▸ **Problem statement**
I need the lines from the one holding "GAMA FORD TRANSIT DESDE 6883€" to the last line of the data below repeated exactly, both included, without pictures.

▸ **Data below**
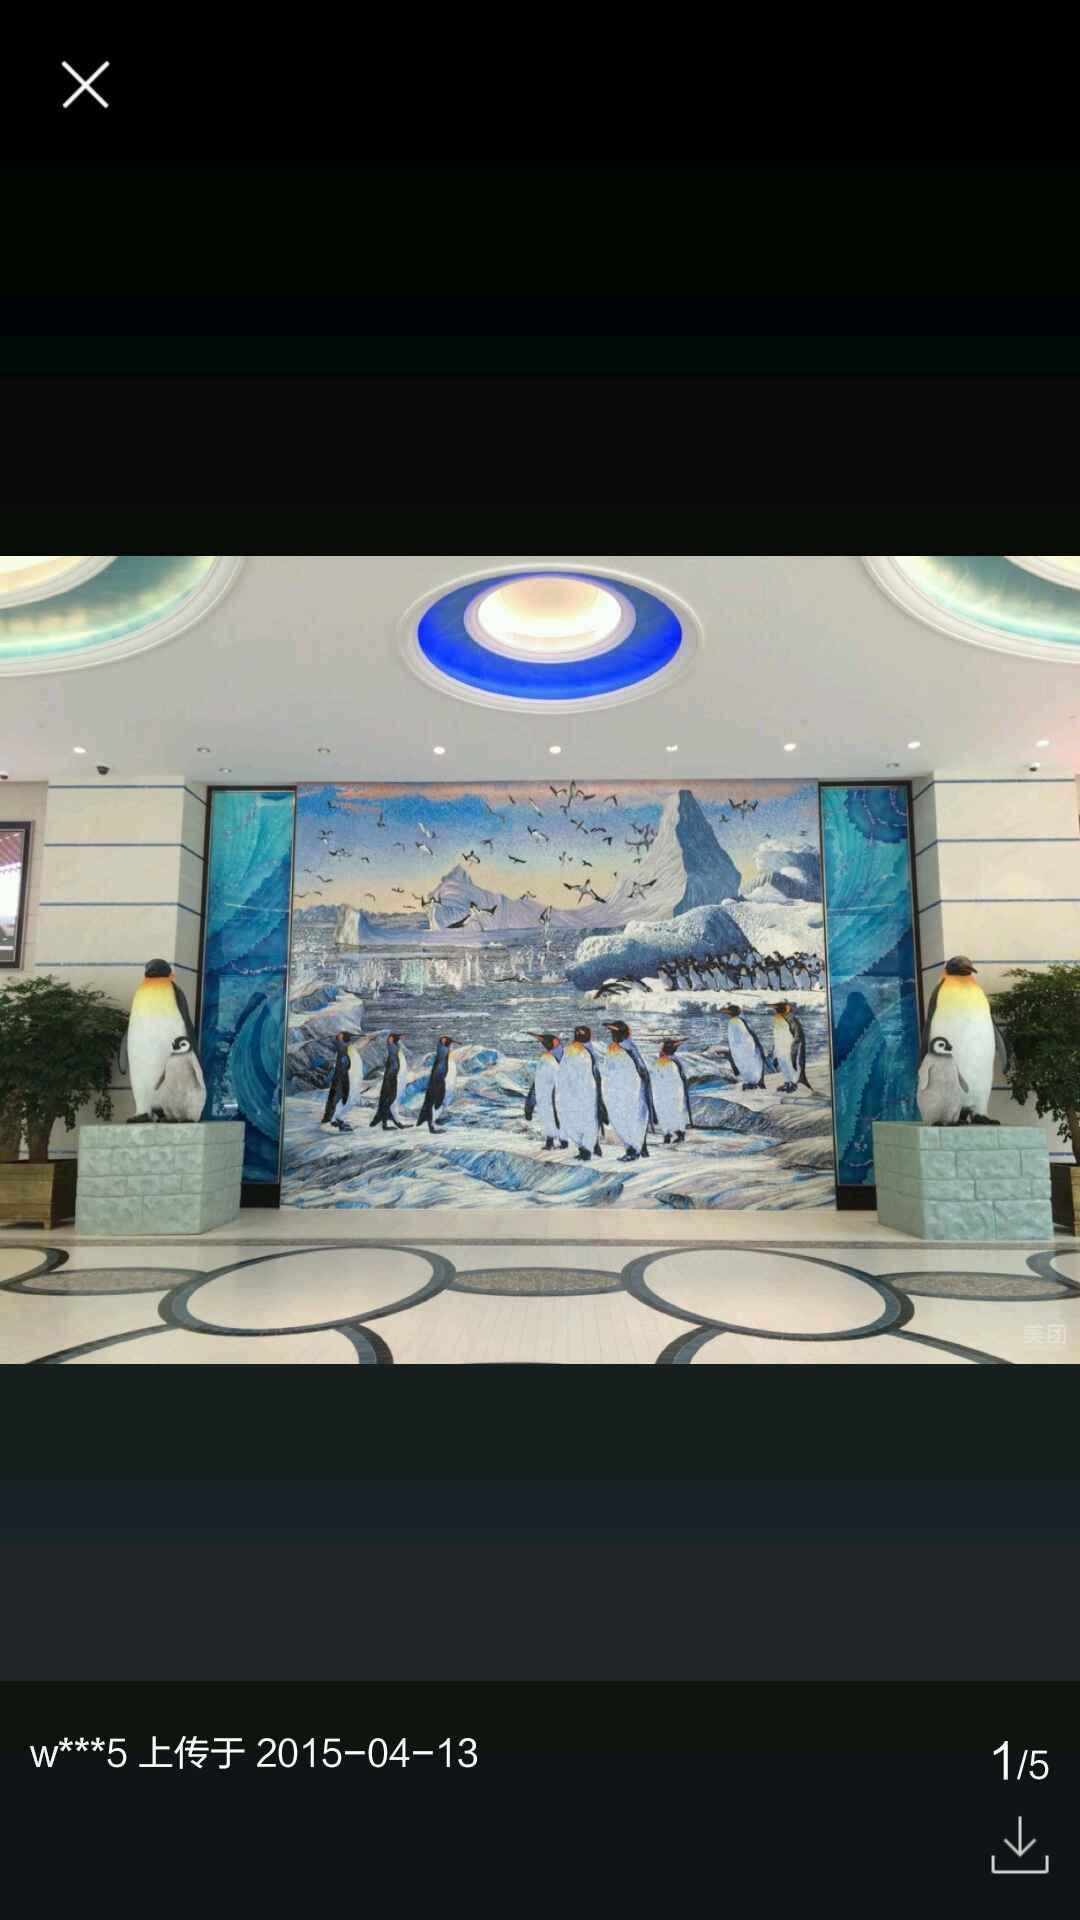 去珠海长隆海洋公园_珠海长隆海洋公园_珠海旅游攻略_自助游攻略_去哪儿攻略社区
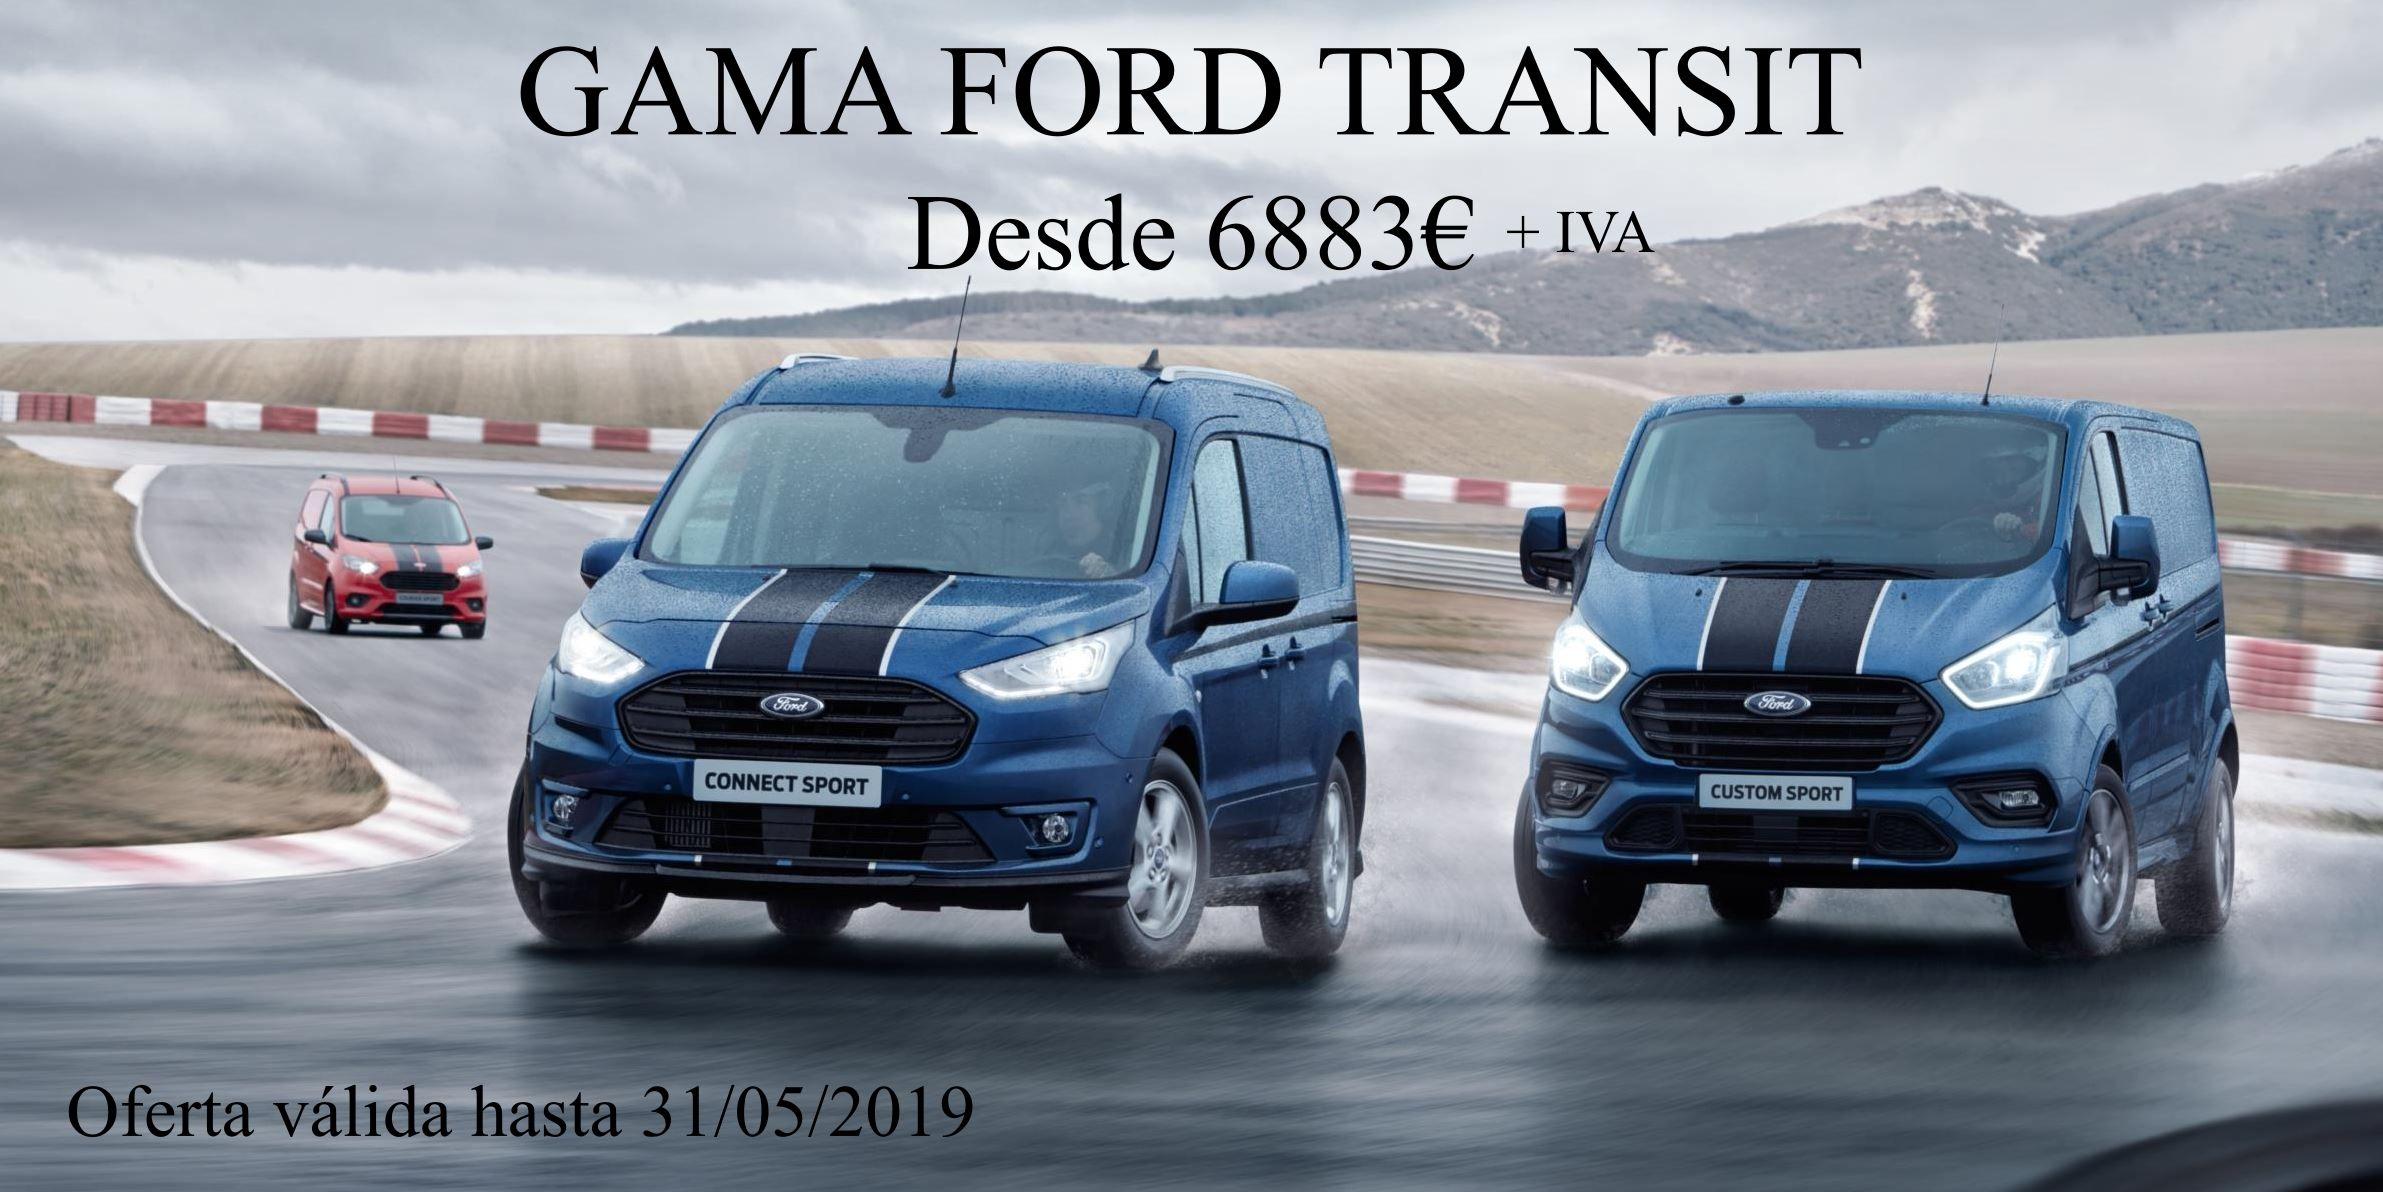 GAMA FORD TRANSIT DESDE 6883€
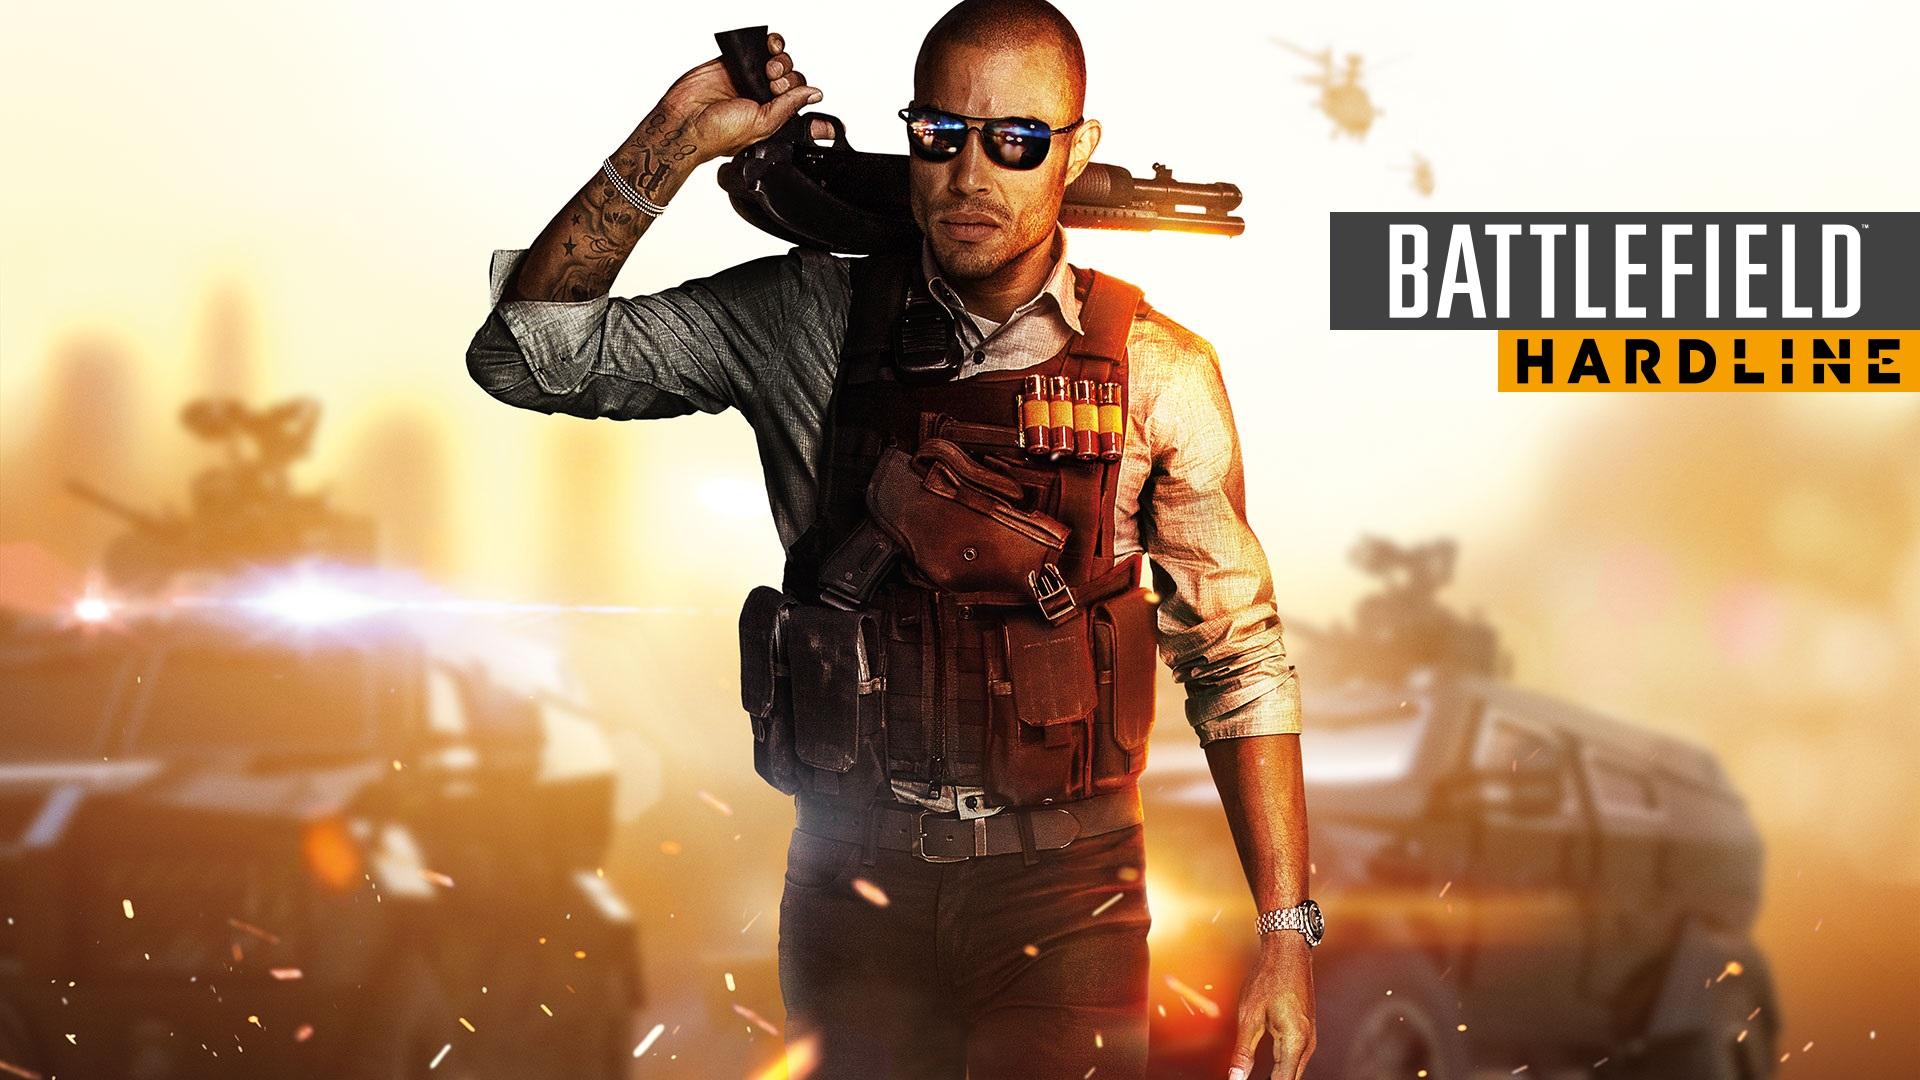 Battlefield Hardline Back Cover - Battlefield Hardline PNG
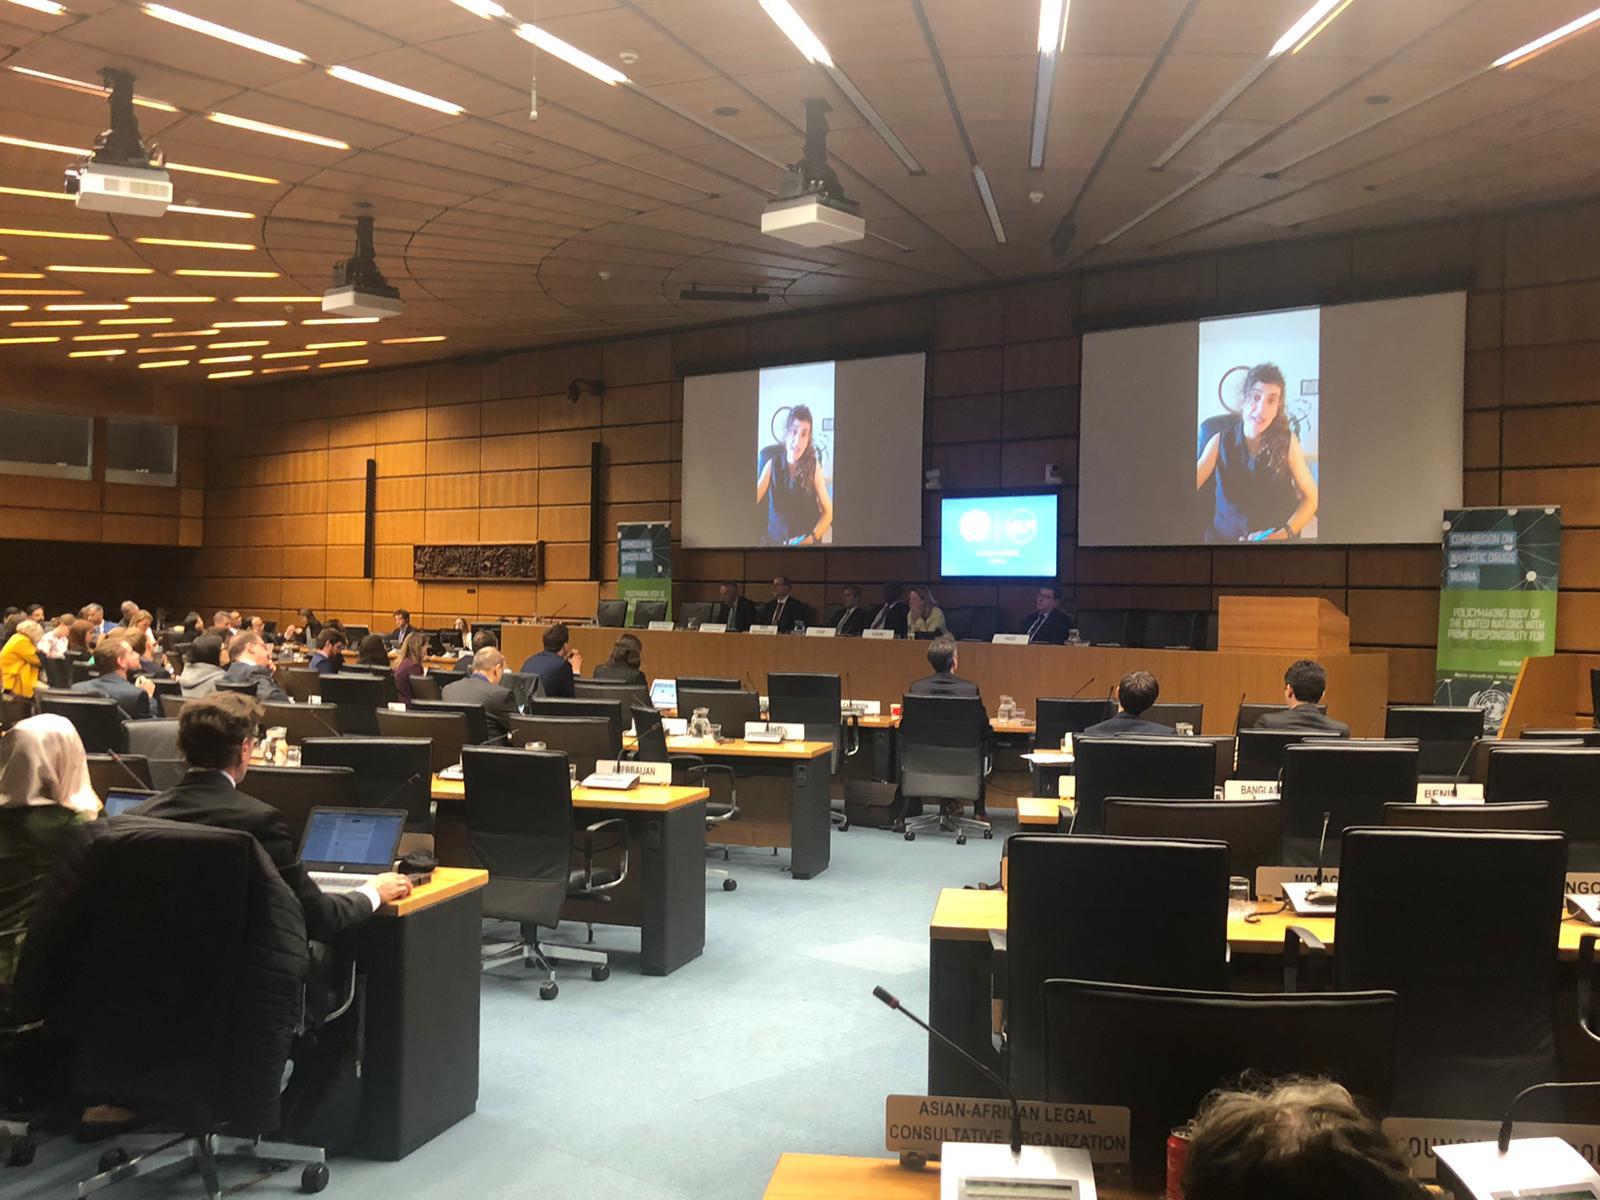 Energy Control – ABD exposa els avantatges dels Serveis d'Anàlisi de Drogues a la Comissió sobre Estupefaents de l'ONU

▸ **Task response**
 GAMA FORD TRANSIT DESDE 6883€
 Battlefield Hardline Back Cover - Battlefield Hardline PNG
 Energy Control – ABD exposa els avantatges dels Serveis d'Anàlisi de Drogues a la Comissió sobre Estupefaents de l'ONU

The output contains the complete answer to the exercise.